Changing = to by moves from an assignment to a property delegation. Property delegation is a Kotlin feature that delegates the getting and setting of a property to an intermediate object.

This is a cool feature of Kotlin and it's worth taking a moment to think about what's going on here. Above, we have to change var to val. At a first take this seems kind of unnecessary, if our delegate is a reference type why do we need to use a var?

It's because we're not actually assigning anything here. When we use by we're not assigning a delegate to foo, we're telling Kotlin there's a delegate somewhere we want to be responsible for foo.

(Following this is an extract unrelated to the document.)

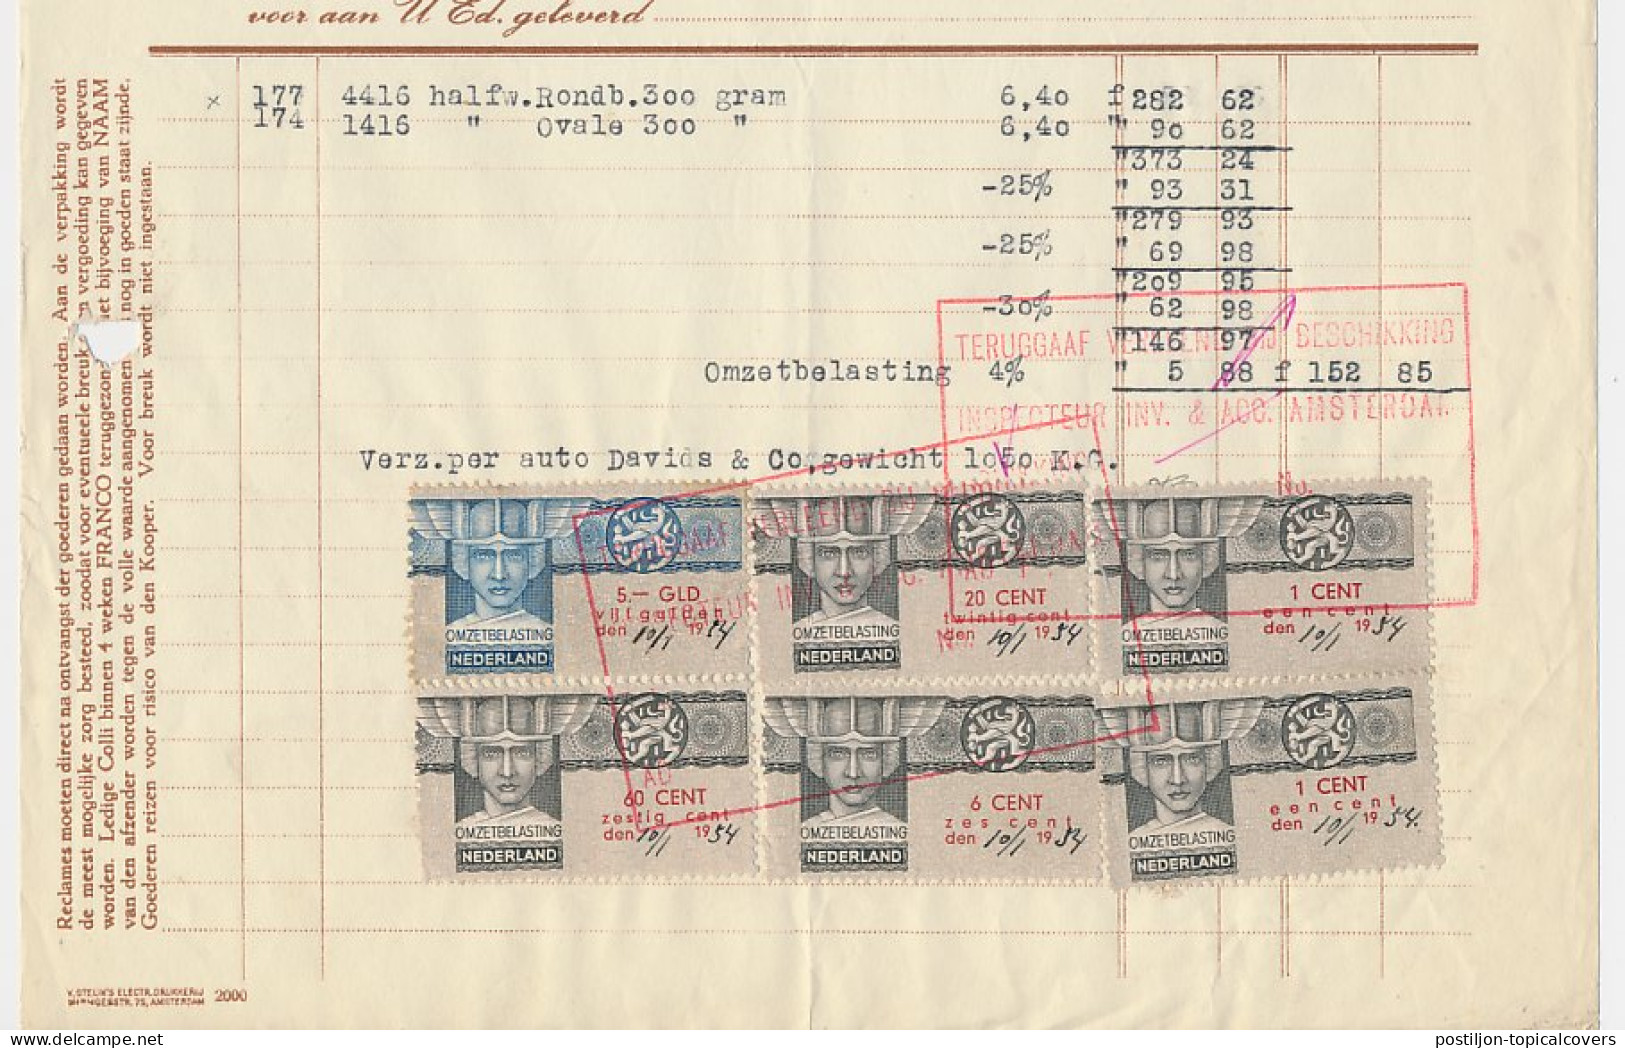 Omzetbelasting Diverse Waarden - Nieuw Buinen 1934 - Fiscaux

It's easily understood when seeing what the Kotlin compiler does when we use by. If we write something like:

class FooBar {
    var text: String by FooBarTextDelegate()
}

The compiler will generate something like:

class FooBar {
    private val text$delegate = FooBarTextDelegate()
    var text: String
        get() = text$delegate.getValue(this, this::text)
        set(value: String) = text$delegate.setValue(this, this::text, value)
}

So our delegate gets stored in a private property text$delegate and our getters and setters call its getValue and setValue methods.

Our MutableState (returned by mutableStateOf()) delegate just redirects to the value property:

inline operator fun <T> MutableState<T>.setValue(thisObj: Any?, property: KProperty<*>, value: T) {
    this.value = value
}

inline operator fun <T> State<T>.getValue(thisObj: Any?, property: KProperty<*>): T = value

Remembering remember

Let's remember that remember is needed so our values will survive recomposition. If we rewrote our FooBar composable above and removed the remember whenever we tapped 'Foo' it would never change to 'Bar' because the update of our MutableState would cause a recomposition which would then ironically cause our value to be lost and set right back to 'Foo' on every tap.

Below is the source code for remember:

inline fun <T> remember(crossinline calculation: @DisallowComposableCalls () -> T): T =
    currentComposer.cache(false, calculation)

So we can see when we call remember we lift the lambda out of the composable and onto the cache property on currentComposer.

For this to make sense we need to know that when you add the @Composable annotation to your composable function it rewrites it to accept a Composer parameter:

So

@Composable fun FooBar() {

becomes

fun FooBar($composer: Composer) {

The compiler also does the same for any call to a composable function within that function, which includes remember.

When recomposition happens, if we've used remember, the current Composer is passed back into our composable function and its remember function and we have access to our same value that was stored during initial composition again.

Wrapping up

Reading backwards through the line:

var foo by remember { mutableStateOf("Foo") }

from:

@Composable
fun FooBar() {
    var text by remember { mutableStateOf("Foo")}

    Text(
        text = "Hello, would you like some $text?",
        modifier = Modifier.clickable {
            text = "Bar"
        }
    )
}

On initial composition, we get a MutableState for our string "Foo" by calling mutableStateOf

We store that in a lambda which remember adds to a cache on the Composer object that will be passed into it from its containing composable.

We create a delegate with by that makes our MutableState less verbose to work with.

When we change the value of our MutableState from "Foo" to "Bar" we trigger recomposition.

When our Composable is recompositioned the composer containing our lambda which contains our MutableState which now holds "Bar" instead of "Foo" is passed back into it and our Text() now shows "Bar" instead of "Foo" too, because our triggering MutableState was remembered instead of being recreated.

And while this semi-detailed account still skips over a lot of detail, that's essentially how our state is being handled in Compose.

Breaking it down this way has helped me understand the code I'm writing in Compose a lot better. If you've stumbled upon this post, I hope it's done the same for you – if not, soz mate.